CONTRIBUTING.md 2.7 KB

Contributing to the Materialize Operator Helm Chart

Versioning

For every change, increment the version contained in Chart.yaml. The version should follow the SEMVER versioning pattern.

  • For changes that do not affect backward compatibility, increment the PATCH or MINOR version (e.g., 1.1.3 -> 1.1.4).
  • For changes that affect backward compatibility, increment the MAJOR version (e.g., 1.1.3 -> 2.0.0).

Examples of changes that affect backward compatibility include:

  • Major version releases of Materialize.
  • Breaking changes to the Materialize chart templates.

Chart Documentation

We use helm-docs to automatically generate and update the README for our Helm chart. After making any changes to the chart or its values, please run:

helm-docs

This command updates the README.md file based on the chart's values.yaml file and the README.md.gotmpl template.

Make sure you have helm-docs installed. You can install it by following the instructions here.

If you want to ignore a specific section in the values.yaml file, you can add the # @ignored tag to the section you want to ignore.

Linting

Before submitting a pull request, lint your changes using the helm lint command:

helm lint .

This will check your chart for potential issues or errors.

Unit Testing

We use the helm-unittest plugin for unit testing our Helm chart. This helps ensure that our chart templates are rendering correctly and that changes don't introduce unexpected issues.

Setting Up helm-unittest

If you haven't already installed the helm-unittest plugin, you can do so with the following command:

helm plugin install https://github.com/quintush/helm-unittest

Running Unit Tests

To run the unit tests, use the following command from the root of the chart directory:

helm unittest .

This will run all test files located in the tests/ directory.

Writing Unit Tests

Unit tests are written in YAML and should be placed in the tests/ directory. Each test file should focus on a specific template or set of related templates.

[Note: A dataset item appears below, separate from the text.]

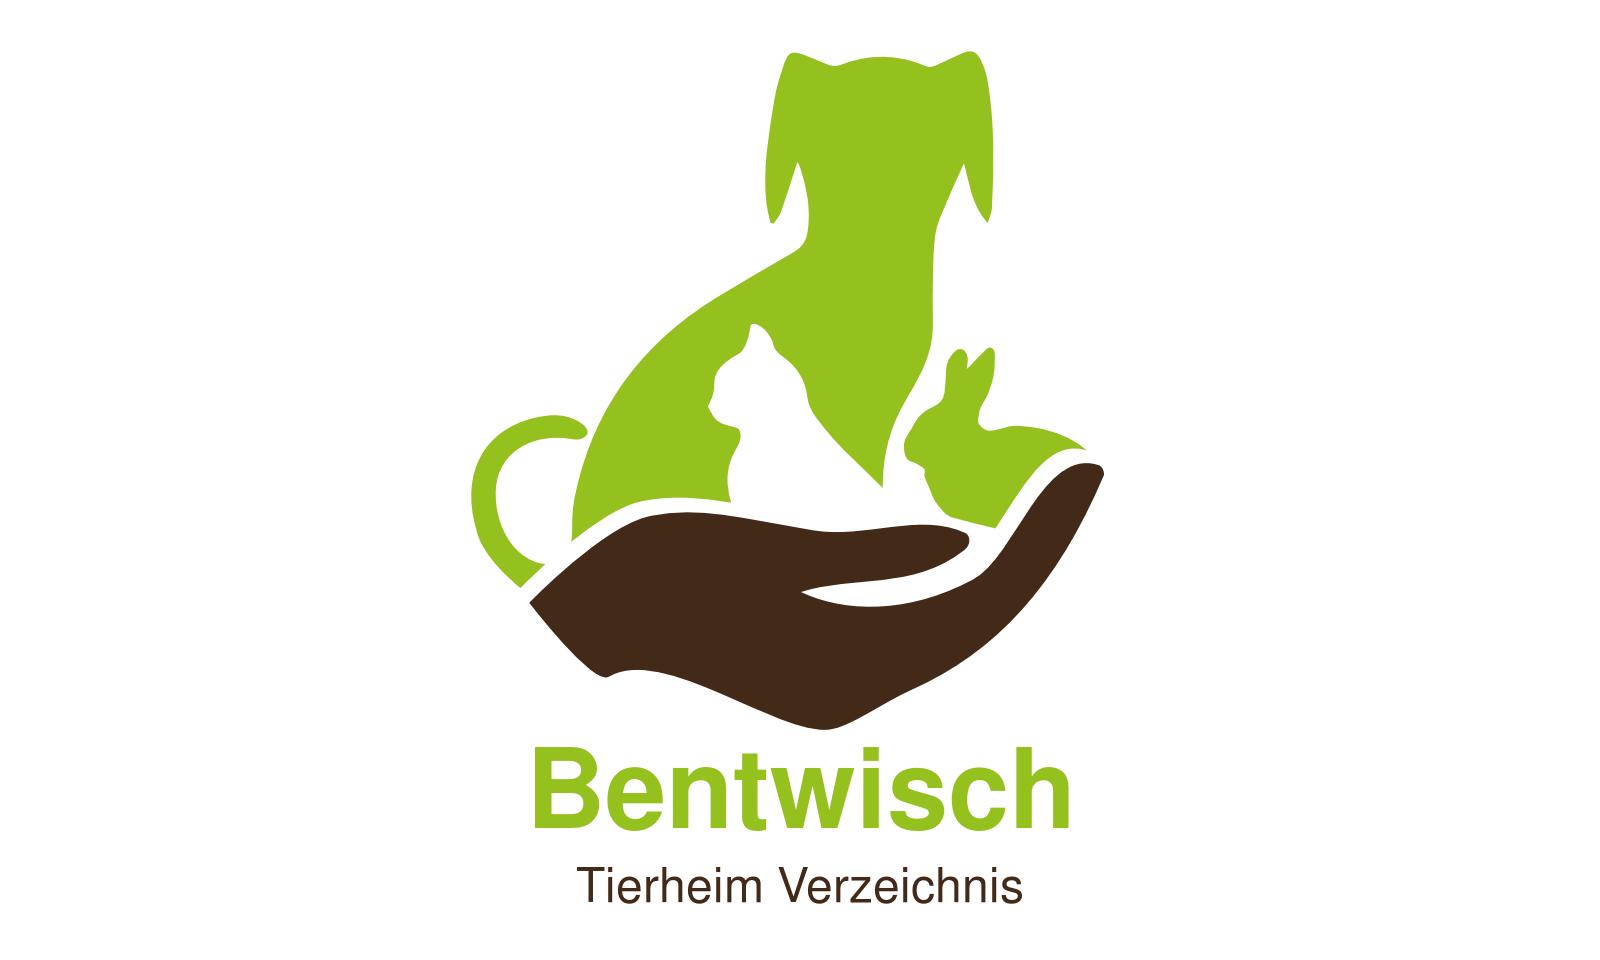 Tierheim Bentwisch

Here's a basic structure for a test file:

suite: test <template-name>
templates:
  - <template-name>.yaml
tests:
  - it: should <do something>
    set:
      <value-to-set>: <value>
    asserts:
      - <assertion>

For more detailed information on writing tests, refer to the helm-unittest documentation.

Continuous Integration

TODO: Implement CI pipeline for running unit tests and linting.